▶ **Problem details**
A word-for-word copy of the listing is required, and it must contain no pictures.

▶ **Supplied data**
============

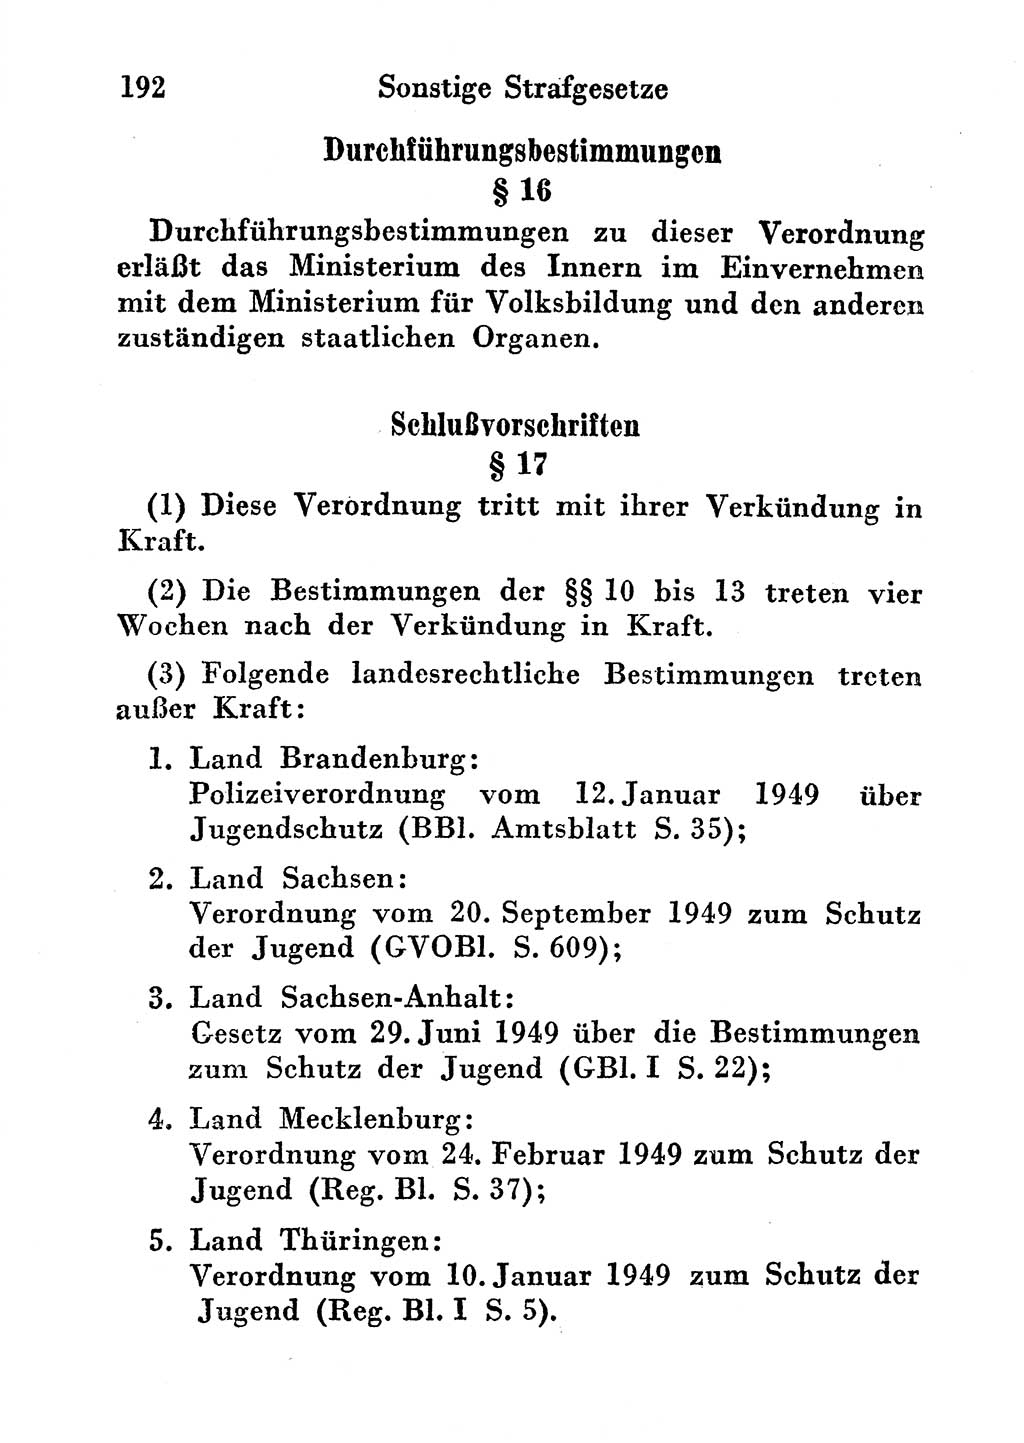 Strafgesetzbuch (StGB) und andere Strafgesetze [Deutsche Demokratische Republik (DDR)] 1956, Seite 192 (StGB Strafges. DDR 1956, S. 192)
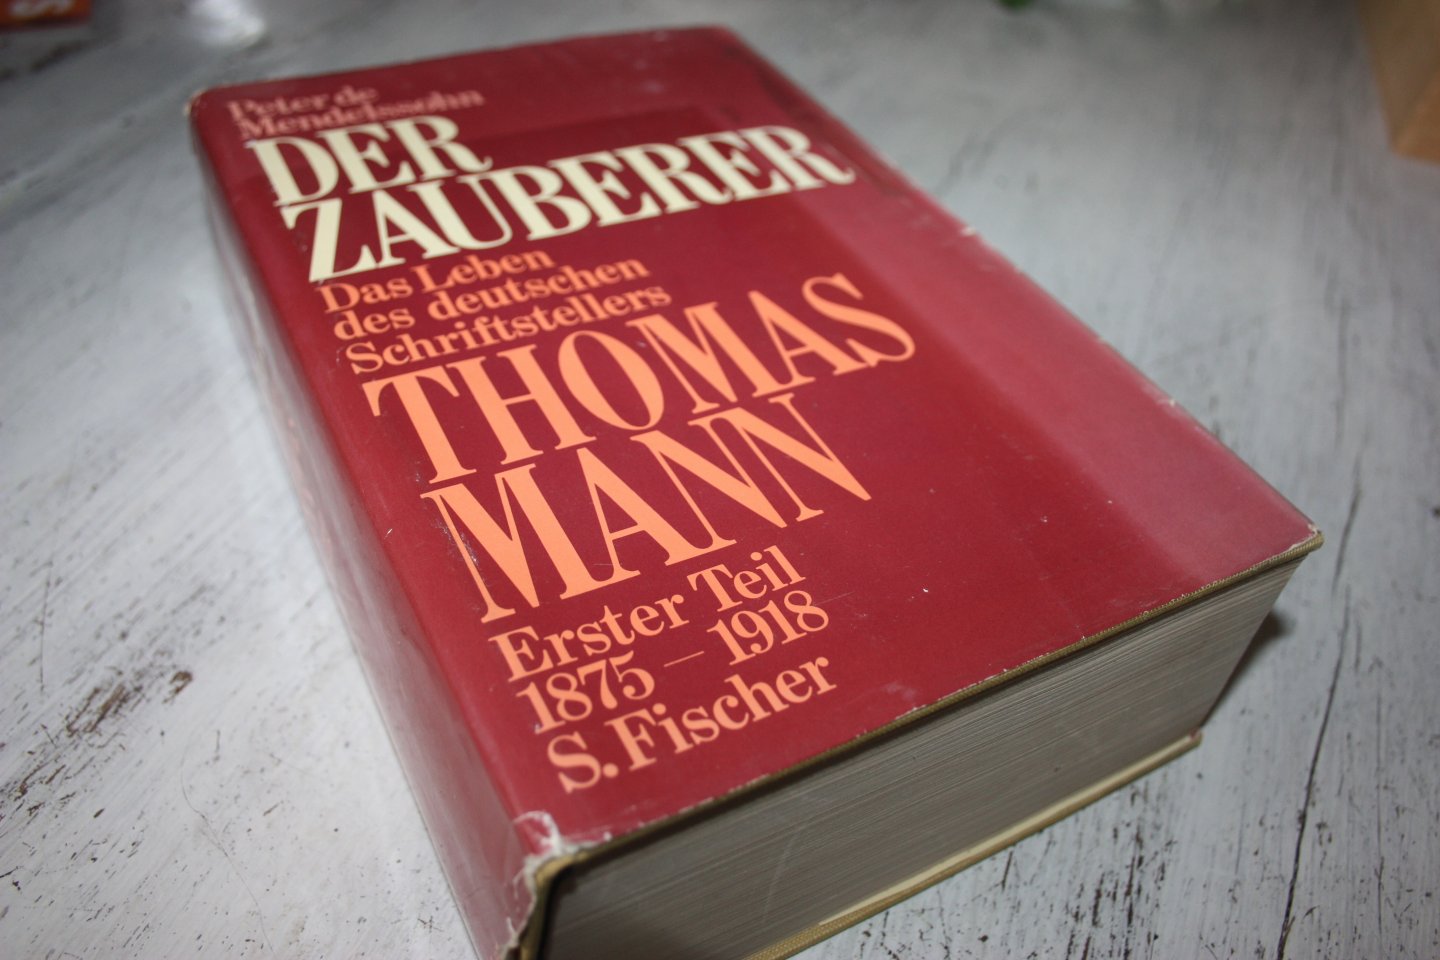 Mendelssohn, Peter de - DER ZAUBERER das Leben des deutschen Schriftstellers THOMAS MANN
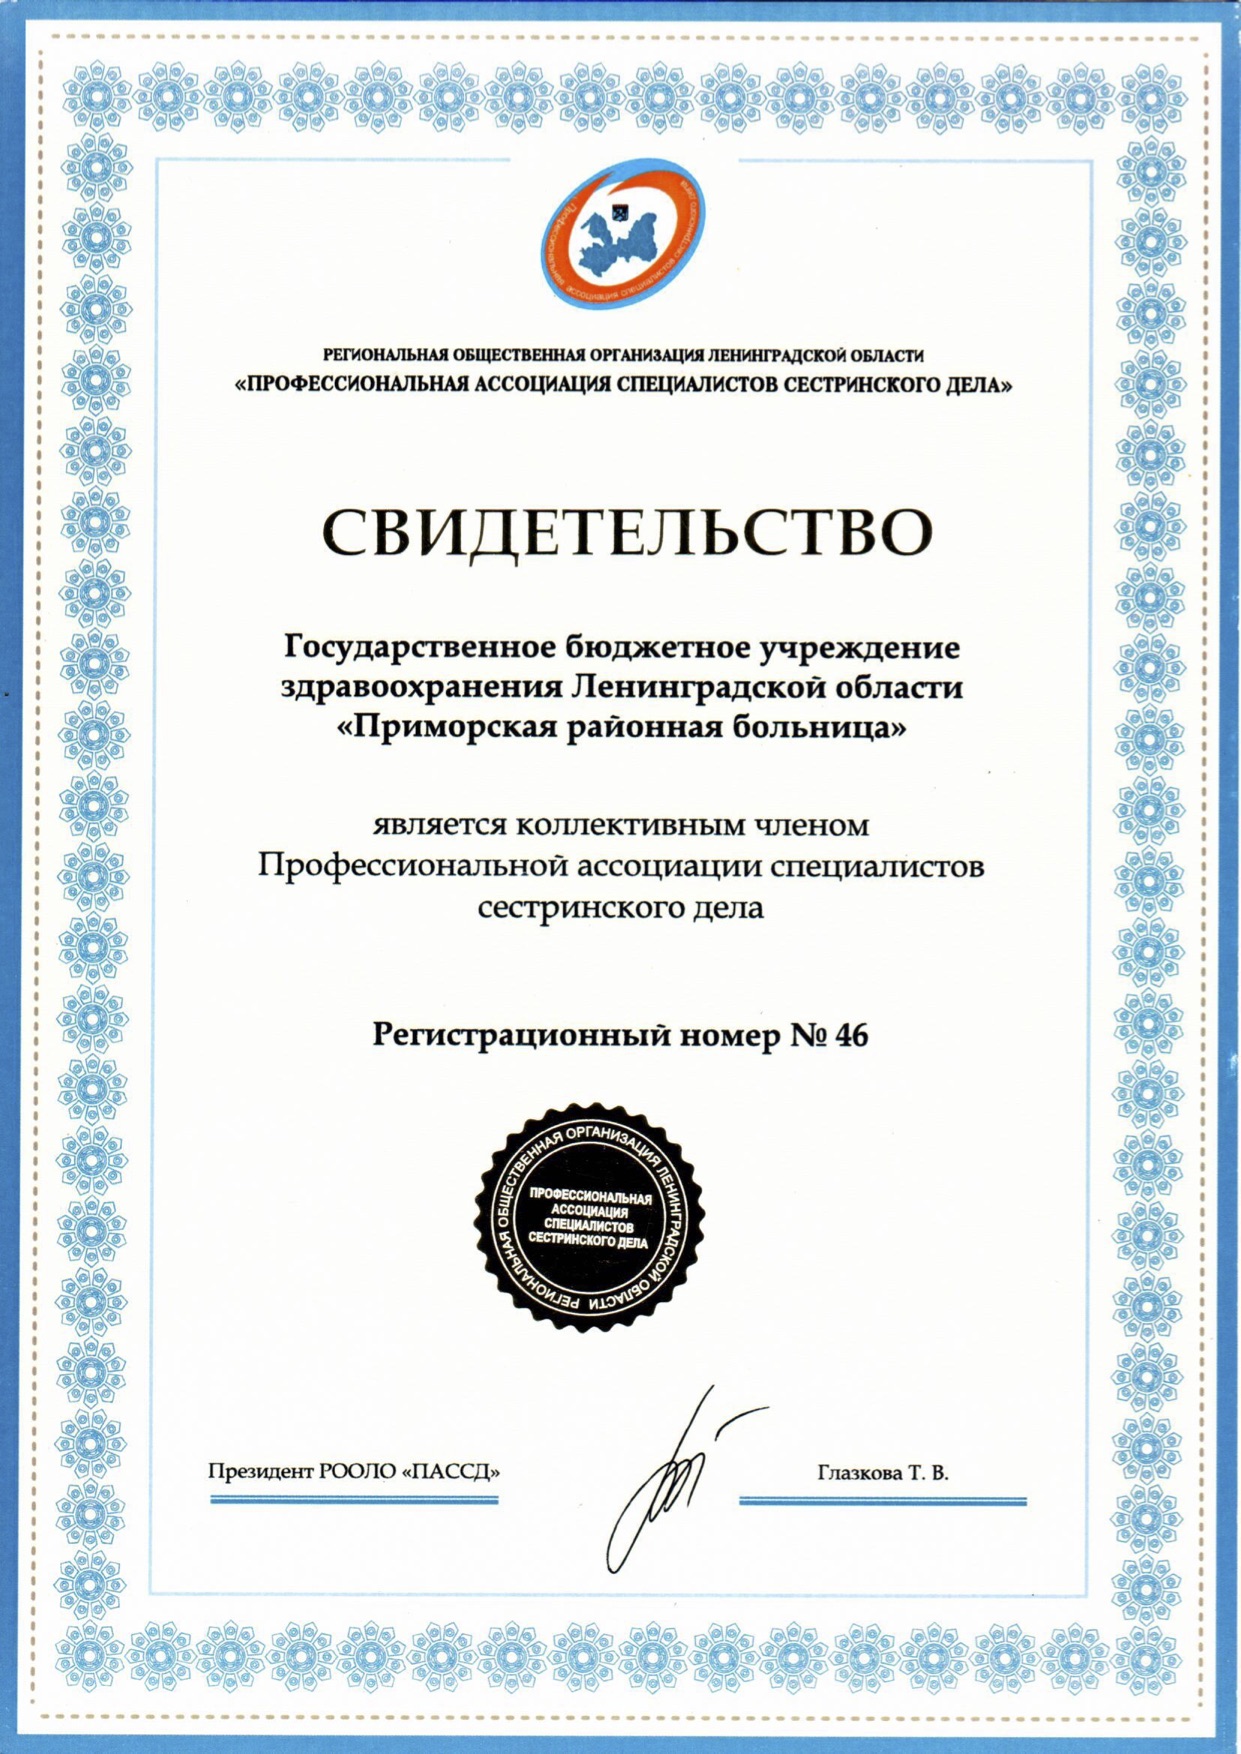 ГБУЗ ЛО "Приморская РБ": сертификат

============

▶ **Expected answer**
 Strafgesetzbuch (StGB) und andere Strafgesetze [Deutsche Demokratische Republik (DDR)] 1956, Seite 192 (StGB Strafges. DDR 1956, S. 192)
 Mendelssohn, Peter de - DER ZAUBERER das Leben des deutschen Schriftstellers THOMAS MANN
 ГБУЗ ЛО "Приморская РБ": сертификат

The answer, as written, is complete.